Save the standardized version of the `attributes` array to `attributes_norm`.
%% Cell type:code id:1d9ea13d tags:
``` python
# write your code here
```
%% Cell type:markdown id:f86fc083 tags:
### 8. Matrix Operations
We are going to work with following slices of the `attributes` array (see the cell below). You will compute some simple operations without using NumPy's builtin methods, but you may use them to check that your solution is correct.
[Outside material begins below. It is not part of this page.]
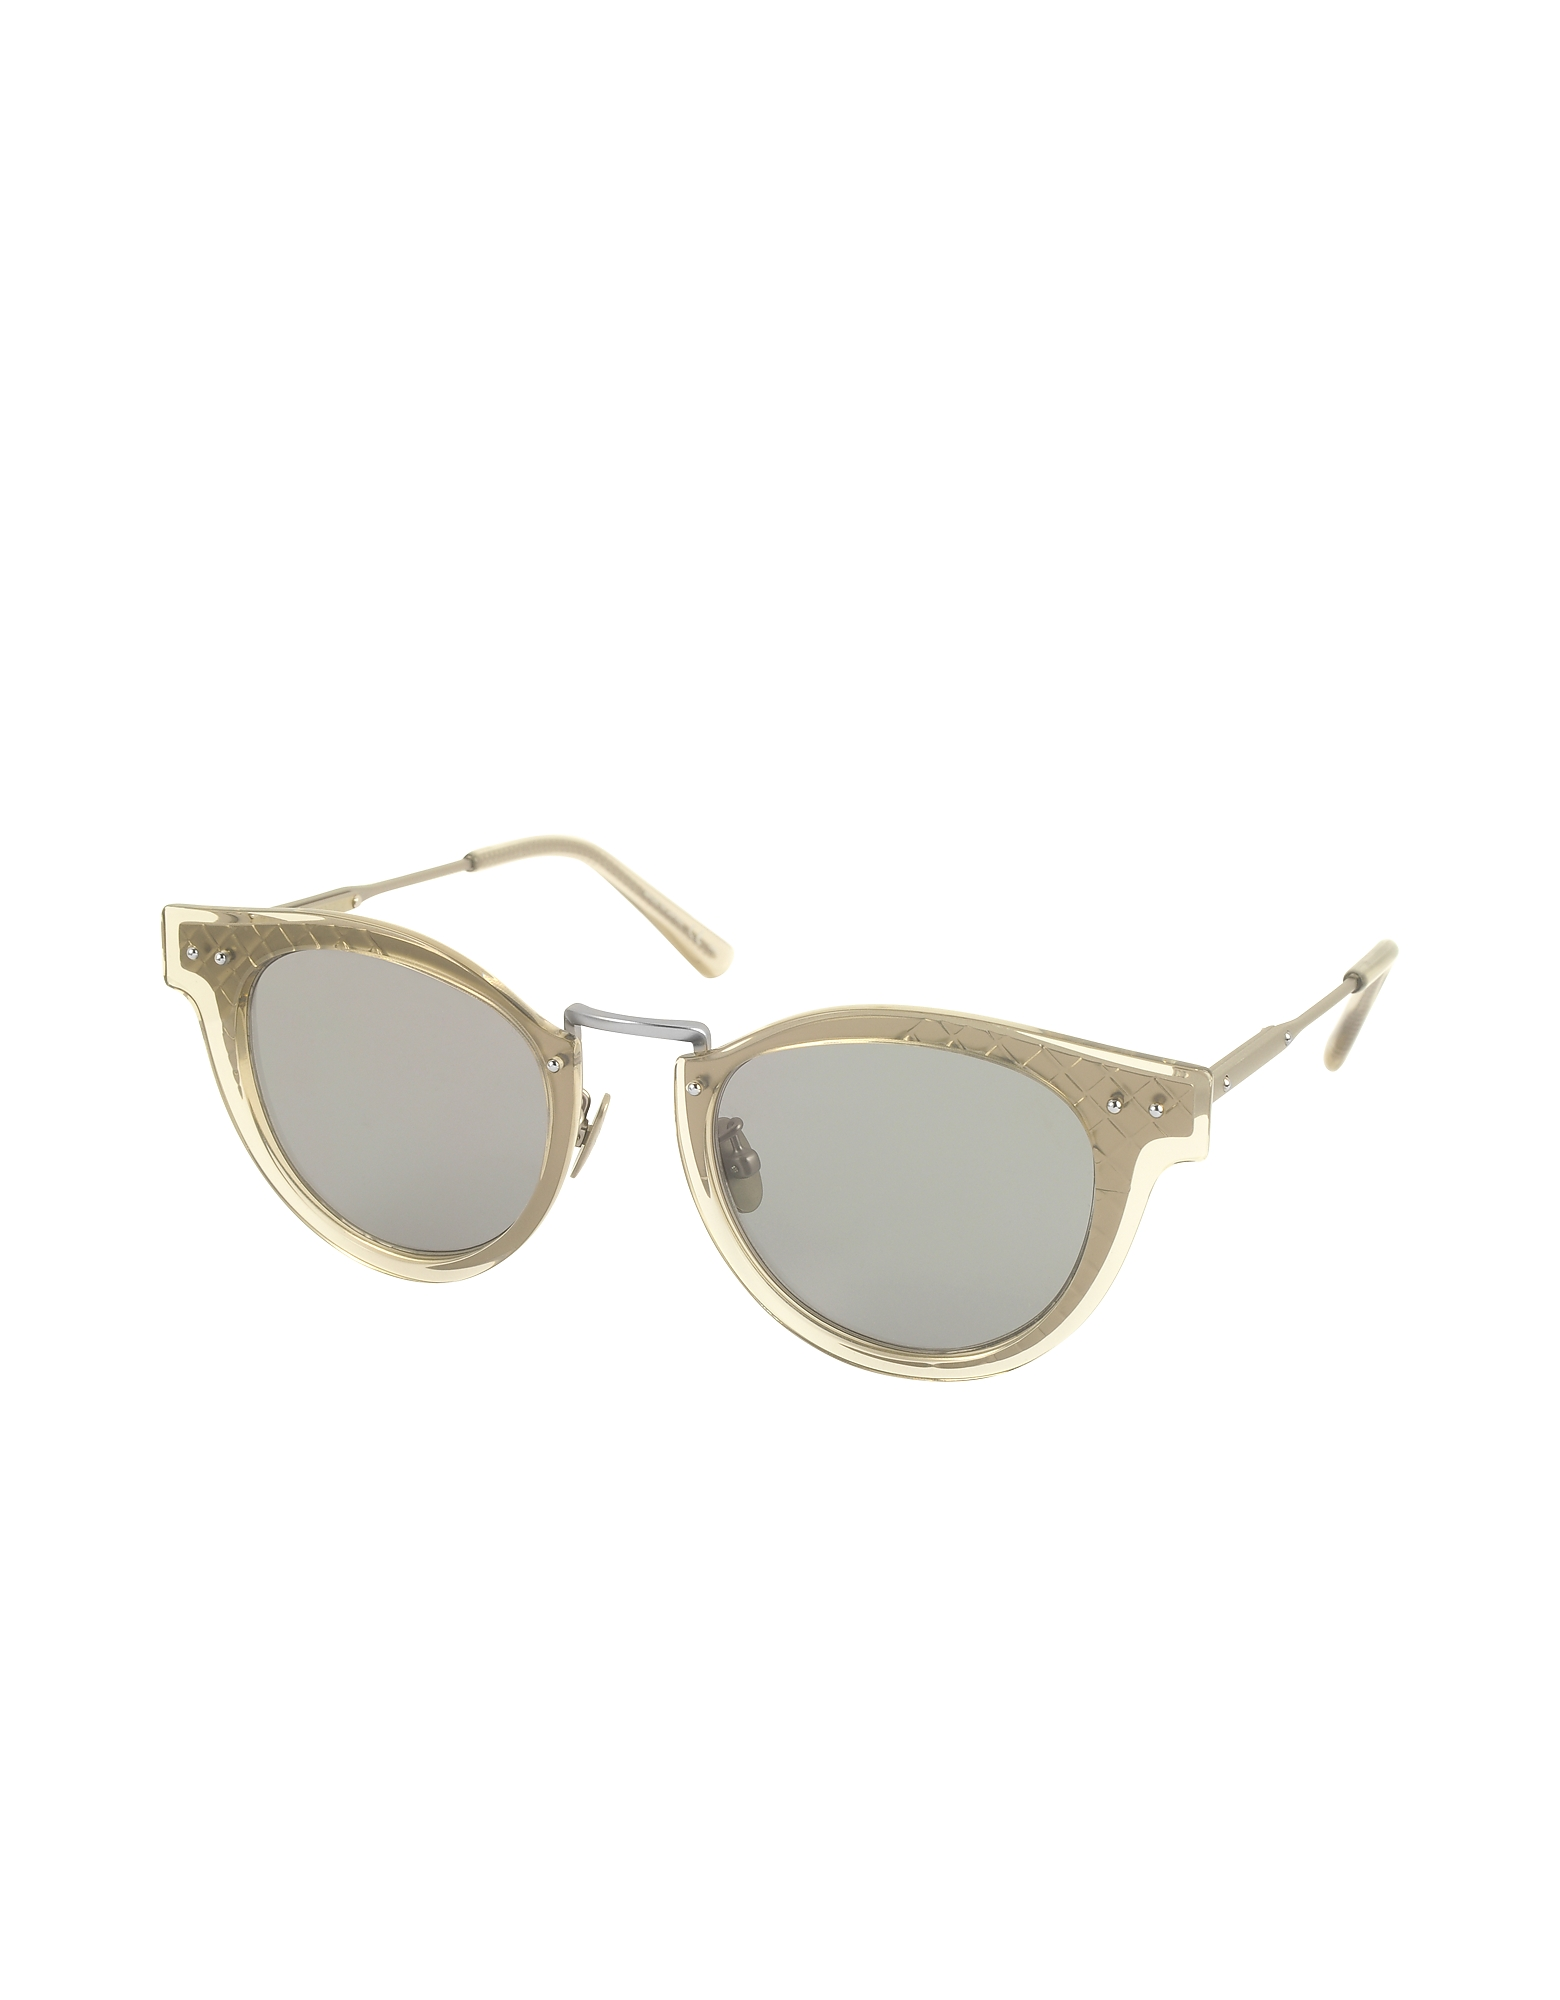 BV0117S 004 Ruthenium Metal Frame Unisex Sunglasses от Forzieri.com INT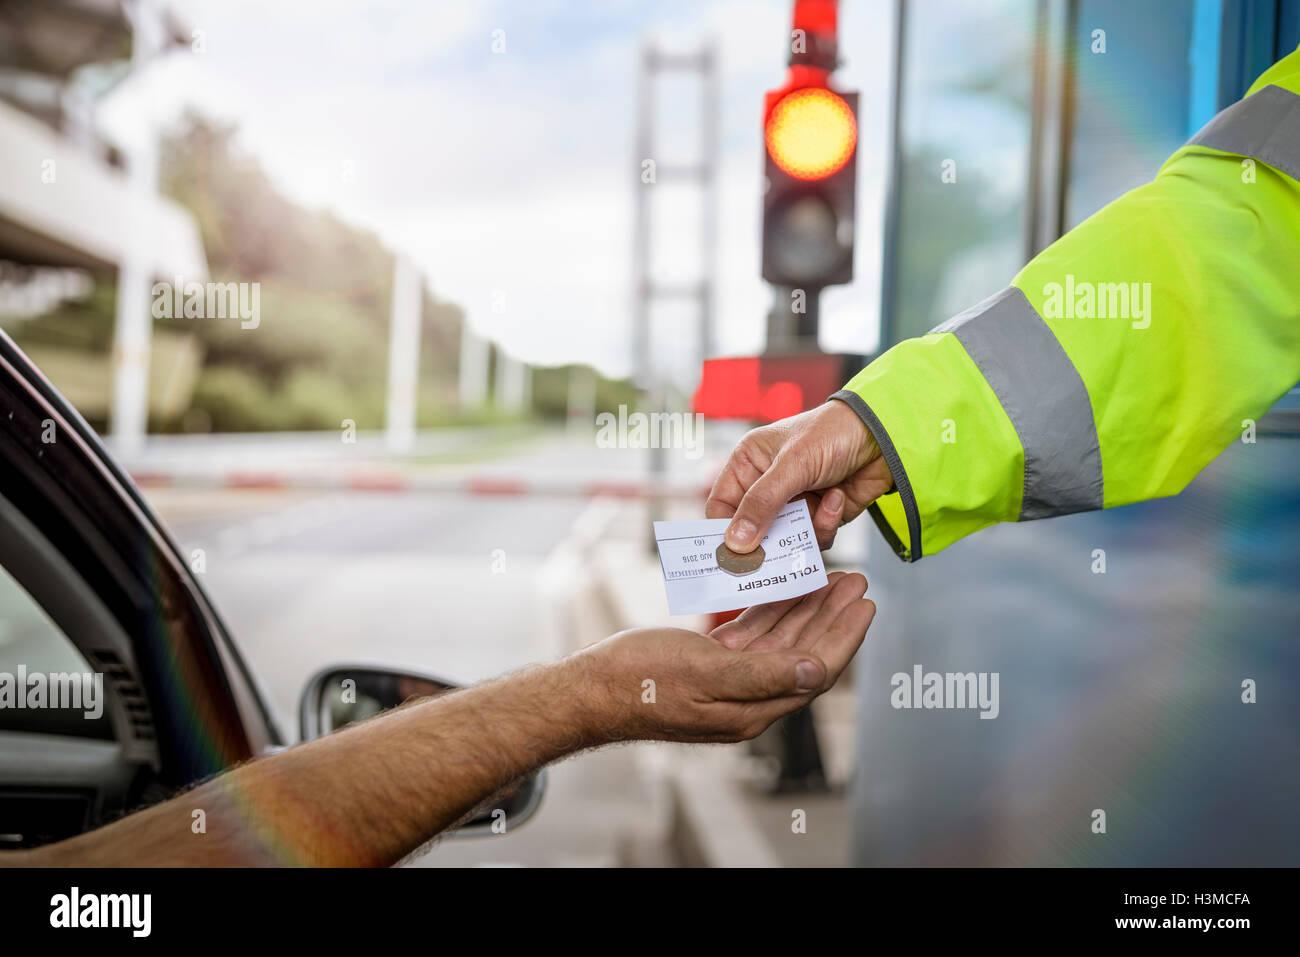 Fahrer im Auto zahlenden Mautstelle an der Brücke, Nahaufnahme Stockbild

**1\.** Compute the dot product between each vector (i.e., row) of `slice1`, with the corresponding vector of `slice2`. This means, the 1st vector `slice1` with the 1st vector of `slice2`, the 2nd vector `slice1` with the 2nd vector of `slice2` etc. Use numpy, but avoid using `np.dot` or for loops. Think about the definition of the dot product.
The expected output is `[514410.1698, 661579.8319, 797379.7166, 494338.7313]`
**2\.** Compute the cosine similarity between 7th and 77th rows (use 0-based indexing) of the `attributes` array using the dot product.
(0-based indexing, means you should use the vectors `attributes[7]` and `attributes[77]` )
%% Cell type:code id:c7db29f9 tags:
``` python
# write your code here
```
%% Cell type:markdown id:1d6d022c tags:
Cosine similarity is used a lot in machine learning and has many nice properties compared to other metrics, such as a cosine. One of them is that its values are in the `[-1, 1]` range regardless of the properties of the vector space (e.g., dimensionality).
**3\.** Compute the cosine similarity between the 7th and 77th rows (use 0-based indexing) of the `attributes_norm` array. How can you explain the difference in their cosine similarities? Why did these vectors look very similar before standardization, but dissimilar afterwards?